Synack is the outlier of the major platforms. It operates on an invite-only, vetted-researcher model called the Synack Red Team. You don’t sign up and start hacking. You apply, pass a skills assessment and background check, and then get access to a private ecosystem of enterprise and government engagements. Payouts reflect the gatekeeping, with averages in the 2,000 to 10,000 dollar range and top payouts above 100,000 dollars.

Synack is not a starter platform. It is where professional researchers go once they have built a public track record on HackerOne, Bugcrowd, or Intigriti. If you are new to the space, put Synack on your five-year list and focus on the open platforms first.

Immunefi and HackenProof

These two are the Web3 and crypto specialists. Immunefi in particular dominates the blockchain space, and the reason is simple math. When a smart contract vulnerability can drain millions of dollars in a single transaction, the bounties follow. Critical DeFi bugs on Immunefi regularly reach six and seven figures. HackenProof is more flexible, mixing Web2 and Web3 programs, which makes it a good fit for researchers who want to dabble in crypto without committing fully.

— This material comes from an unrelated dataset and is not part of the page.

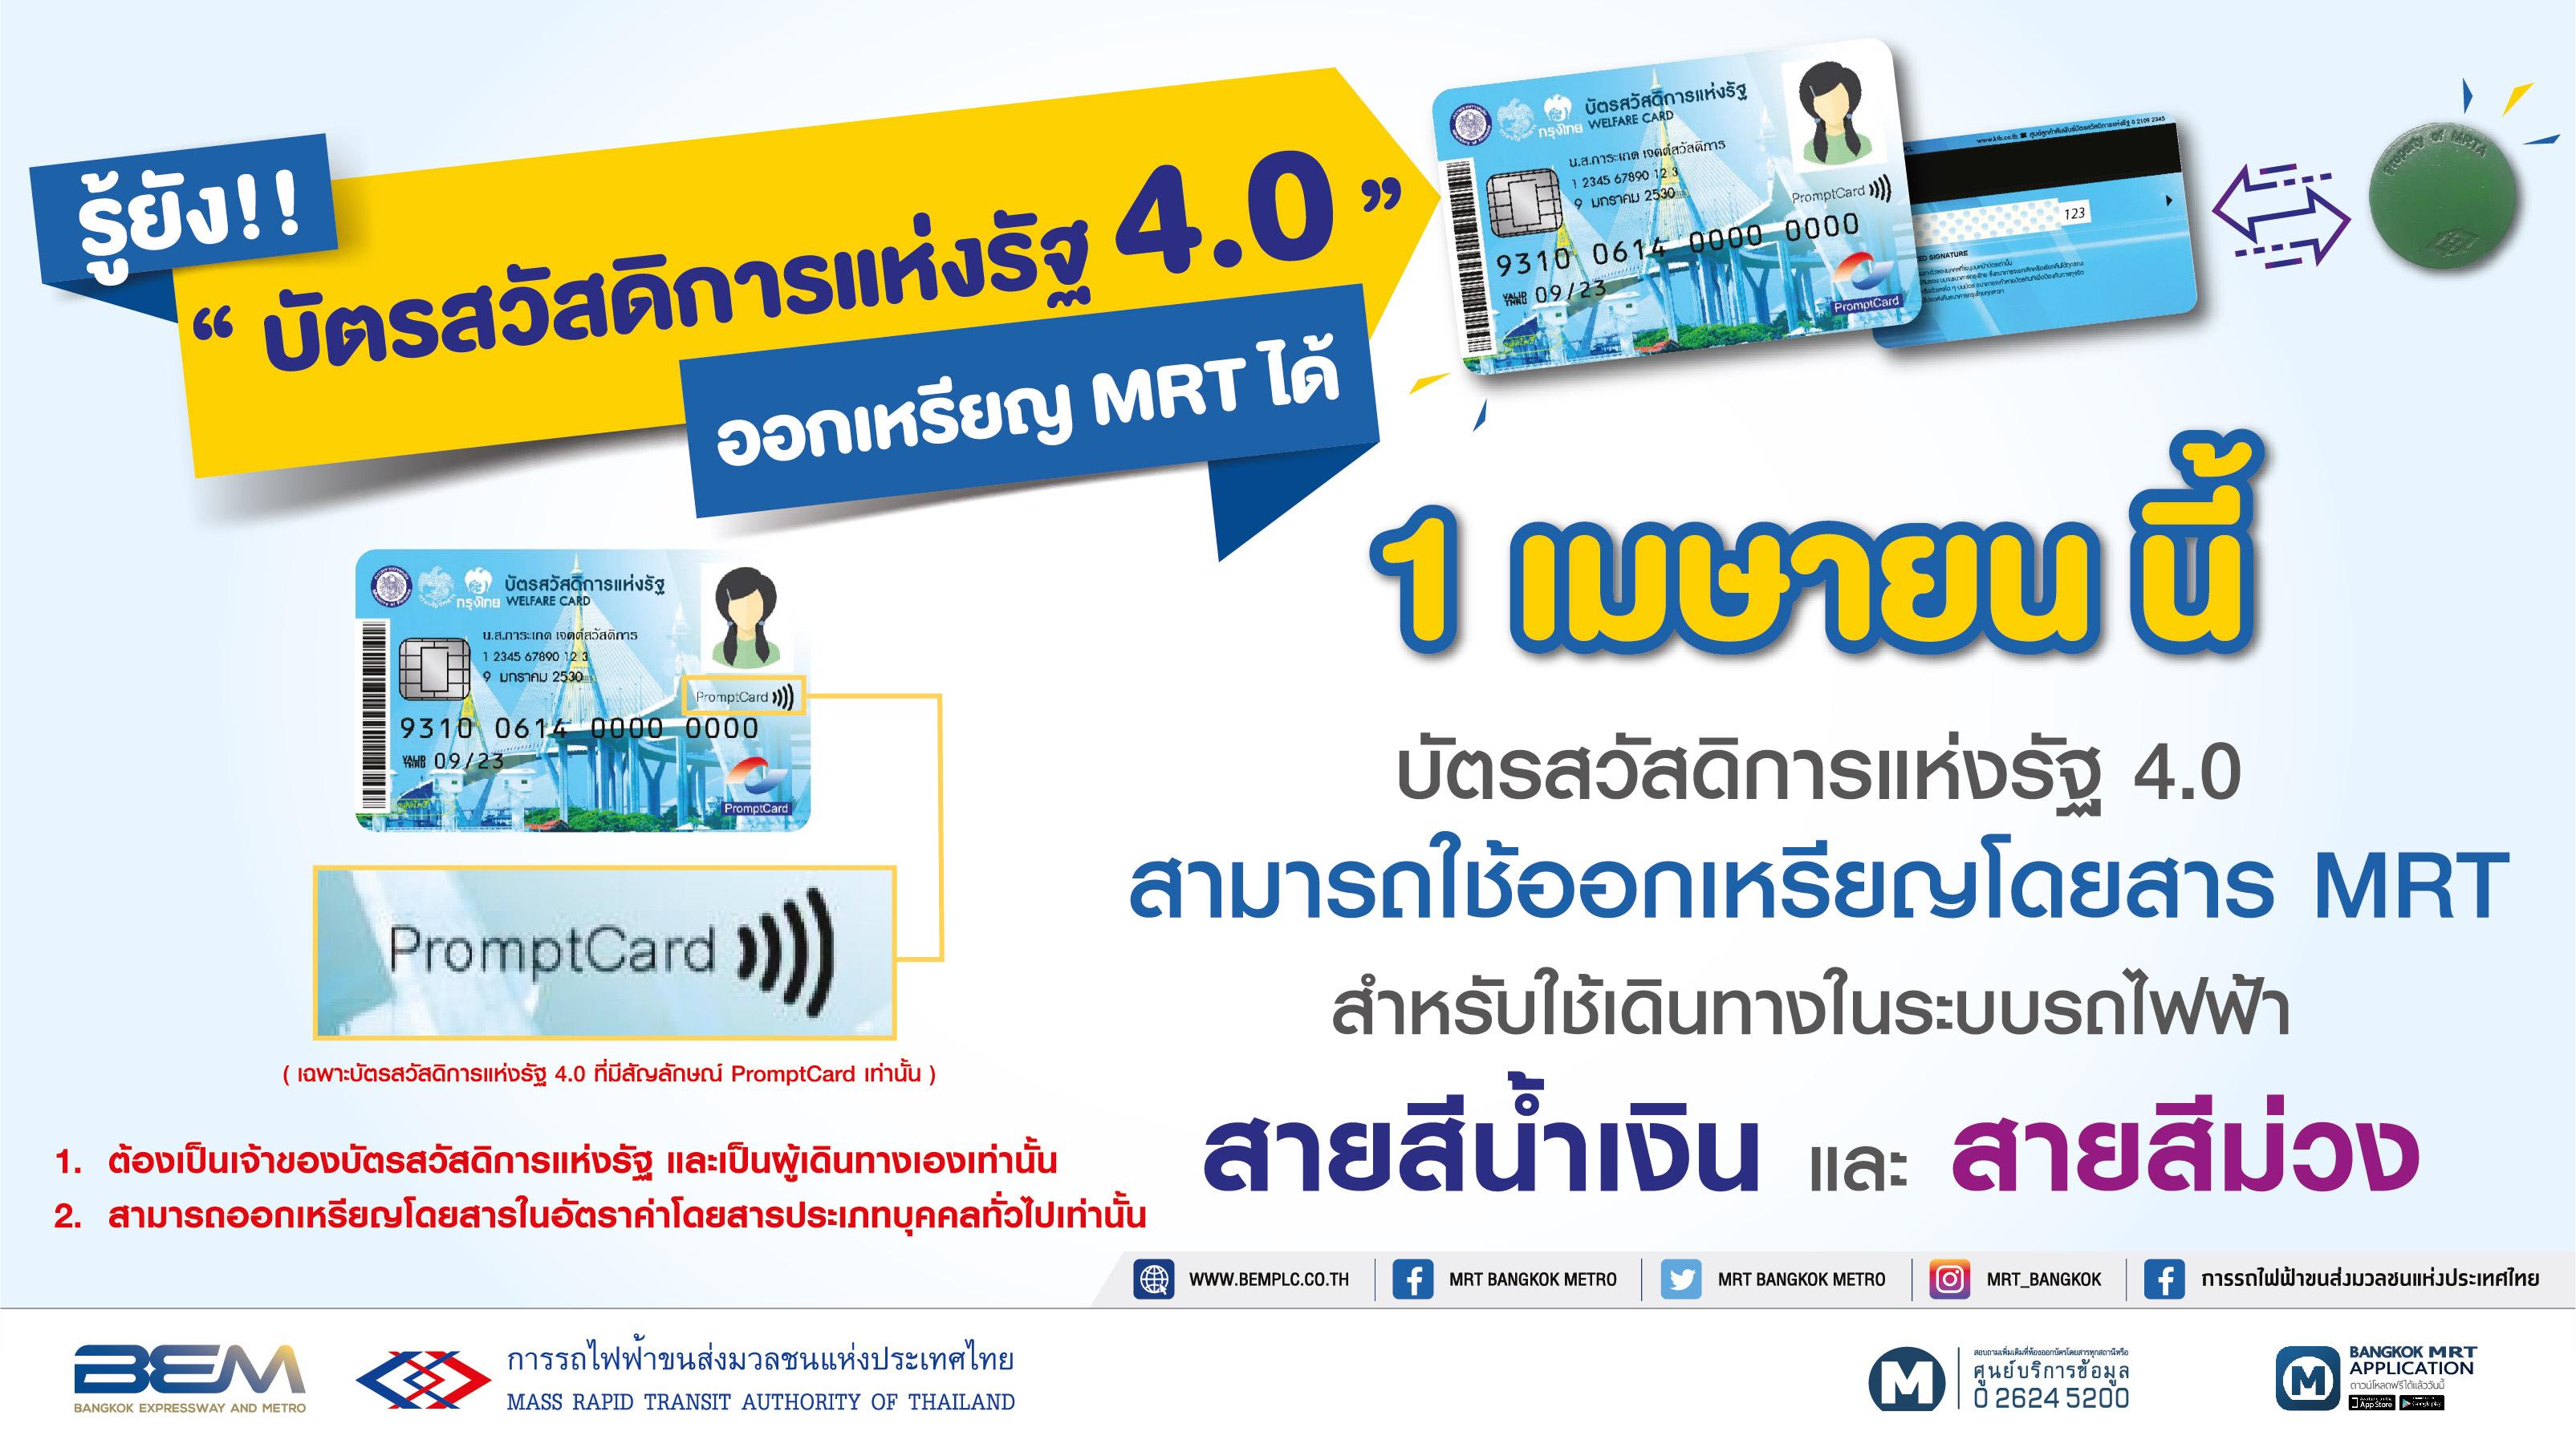 1 เม.ย.นี้ ใช้บัตรสวัสดิการแห่งรัฐออกเหรียญโดยสาร MRT ได้แล้ว
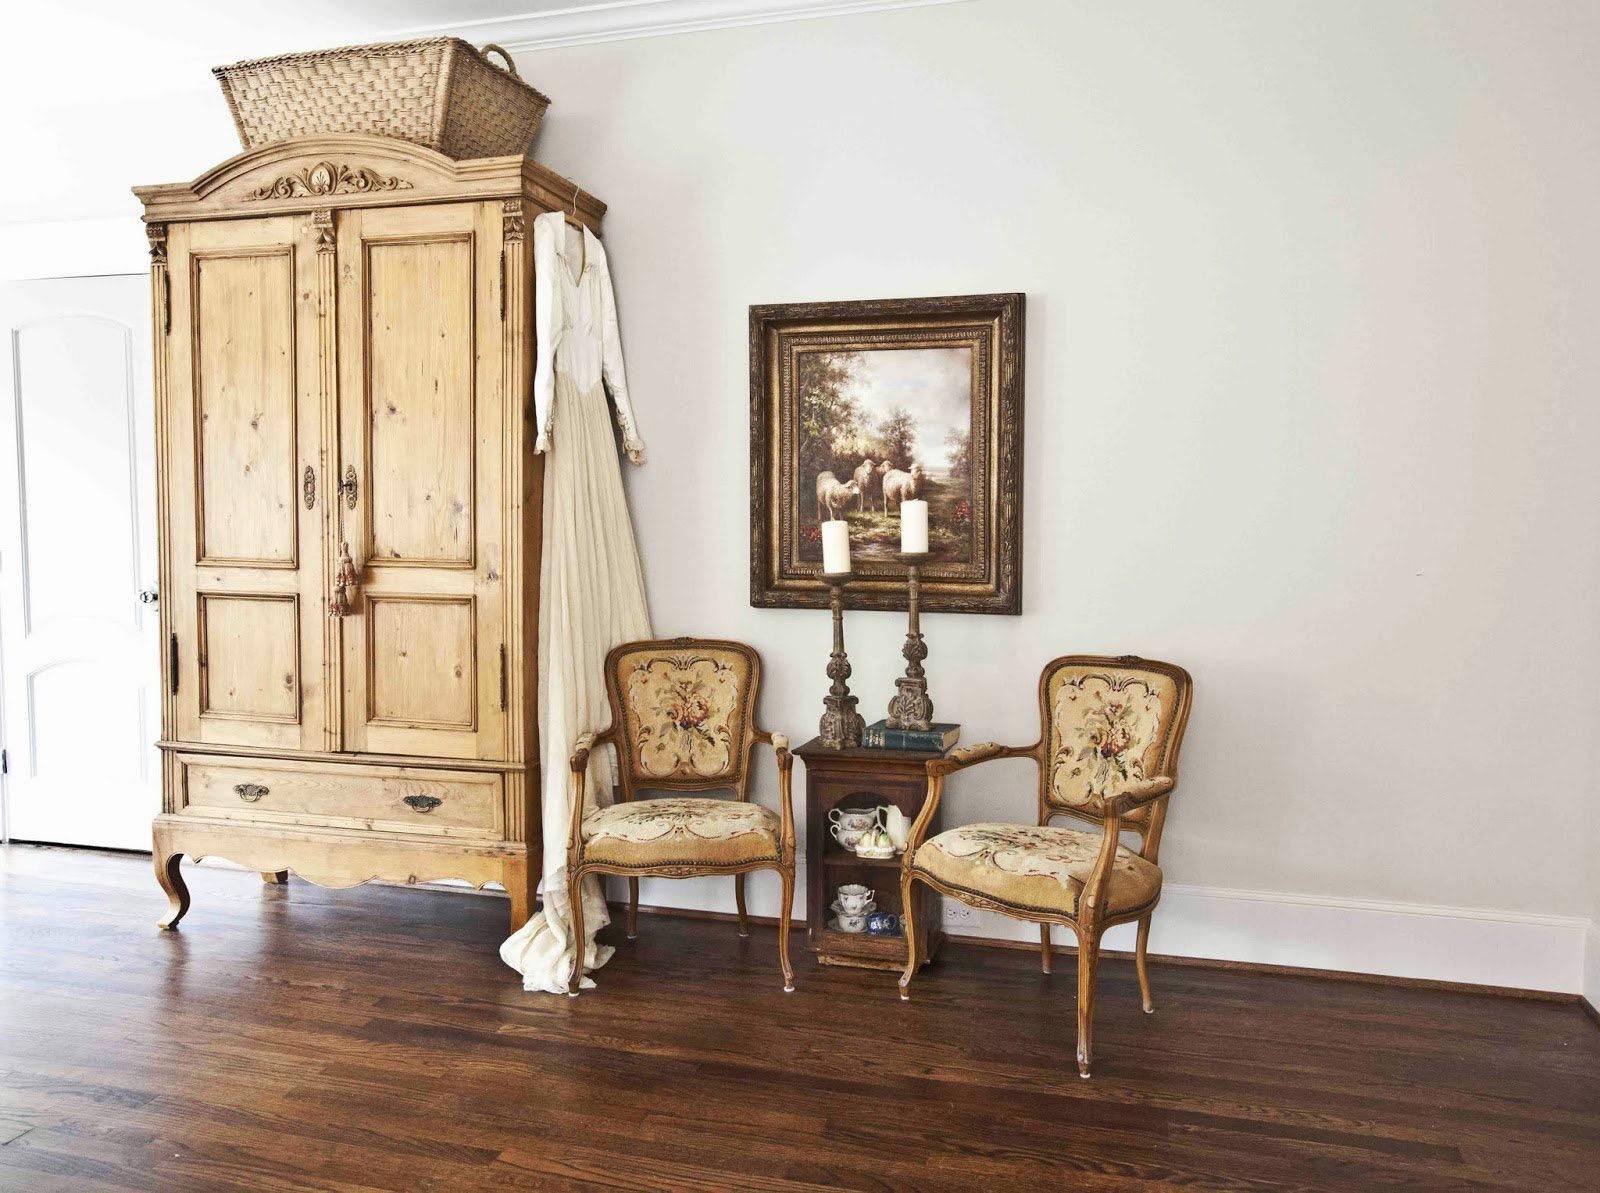 Мебель, декорированная в стиле прованс

Fair warning: the skill set for smart contract auditing is quite different from traditional web application testing. Solidity knowledge, DeFi protocol architecture, and on-chain analysis are their own discipline. If that world appeals to you, invest in the specialized training before you start chasing bounties there.

Open Bug Bounty

Open Bug Bounty is the free, non-commercial option. It focuses on responsible disclosure for web vulnerabilities and does not pay bounties directly. Researchers submit findings, the platform mediates between them and the site owner, and any reward is at the site owner’s discretion. This is not where you go to make money, but it is a legitimate way to build a public portfolio of disclosed CVEs if you are patient and motivated by the contribution rather than the paycheck.

🎯 Quick Platform Match
BEGINNER

Start on Intigriti or Bugcrowd. Better onboarding, more forgiving triage, and less competition than the HackerOne firehose.
EU BASED

Intigriti or YesWeHack. European data residency, GDPR alignment, and more EU-based company programs.
EXPERIENCED

Apply to Synack. Higher average payouts, less noise, and a more professional engagement model.
WEB3 FOCUS

Immunefi for smart contract work, HackenProof for a mix of Web2 and Web3.
PORTFOLIO BUILDING

Open Bug Bounty for documented responsible disclosure credits without the payout pressure.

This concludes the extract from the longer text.